### TASK INPUT
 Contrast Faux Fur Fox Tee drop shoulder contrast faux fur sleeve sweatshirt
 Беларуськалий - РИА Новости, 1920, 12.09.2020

==

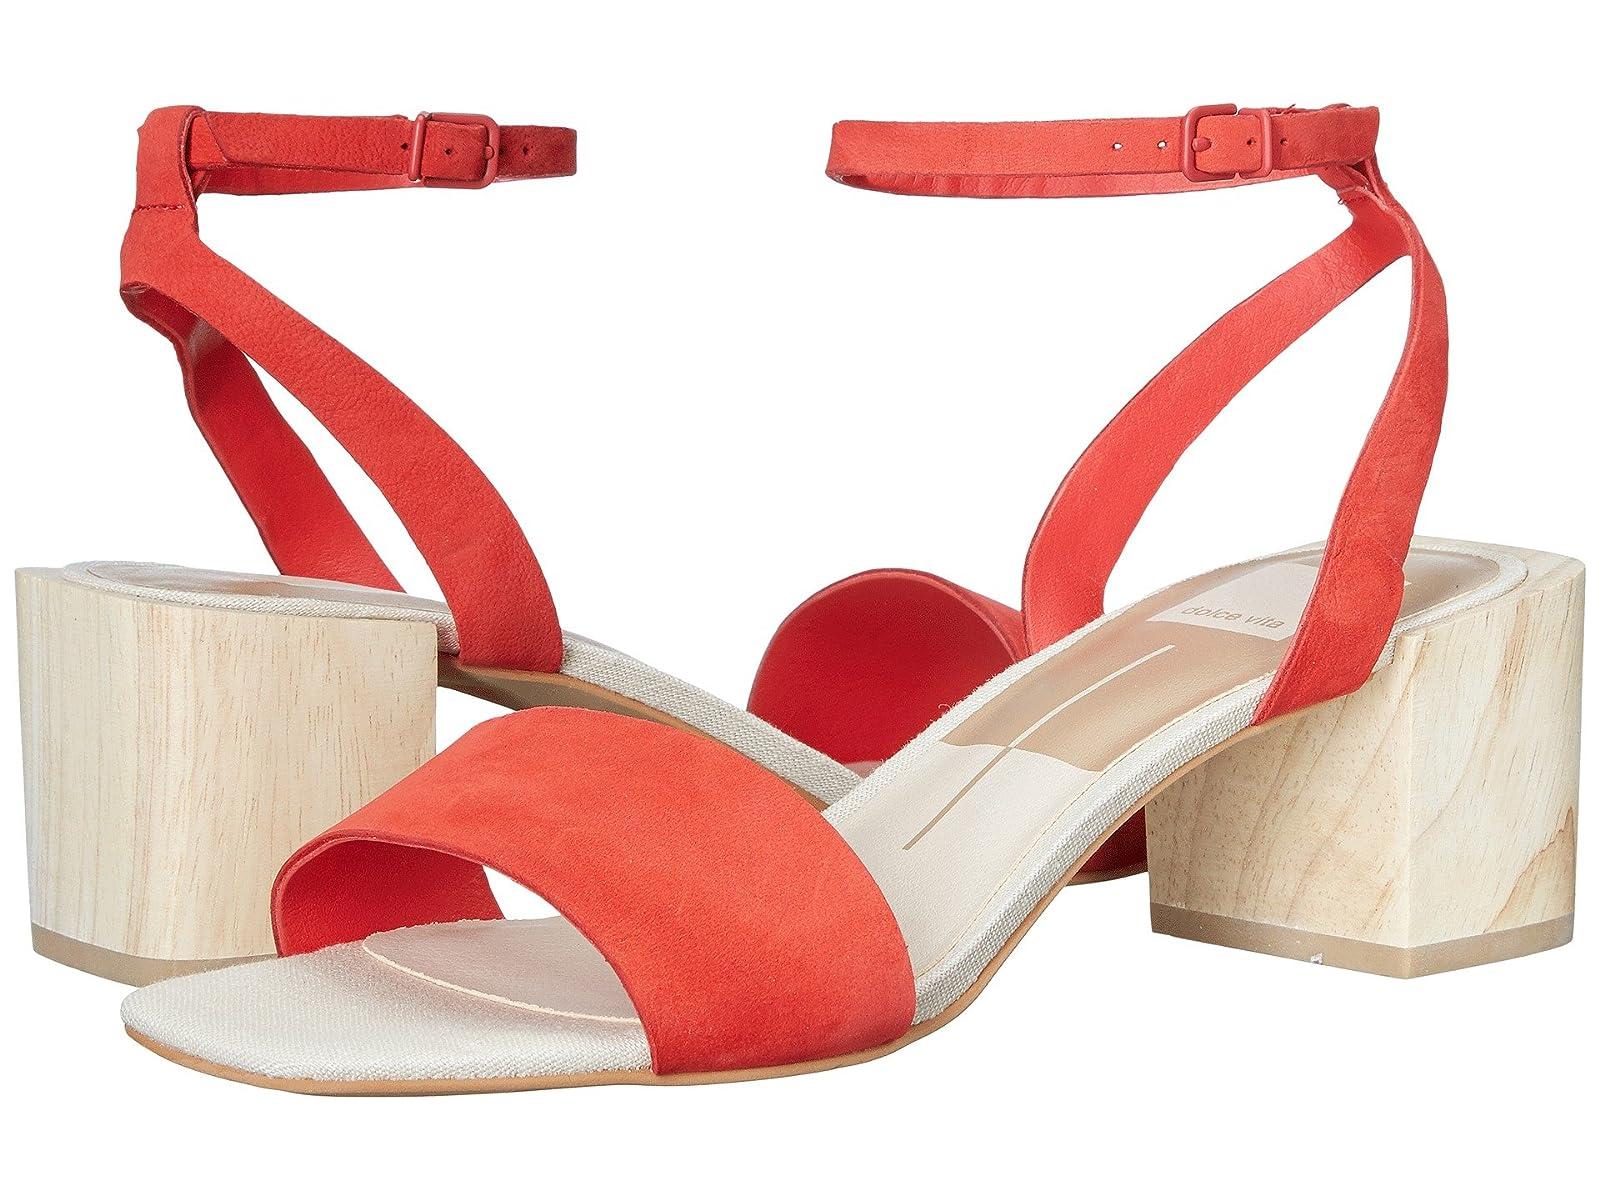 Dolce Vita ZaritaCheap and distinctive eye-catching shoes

### ASSIGNED TASK
Your answer must be the lines above from the one containing "Contrast Faux Fur Fox" to the one containing "Беларуськалий - РИА", both included, restated word for word.

### EXERCISE OUTPUT
 Contrast Faux Fur Fox Tee drop shoulder contrast faux fur sleeve sweatshirt
 Беларуськалий - РИА Новости, 1920, 12.09.2020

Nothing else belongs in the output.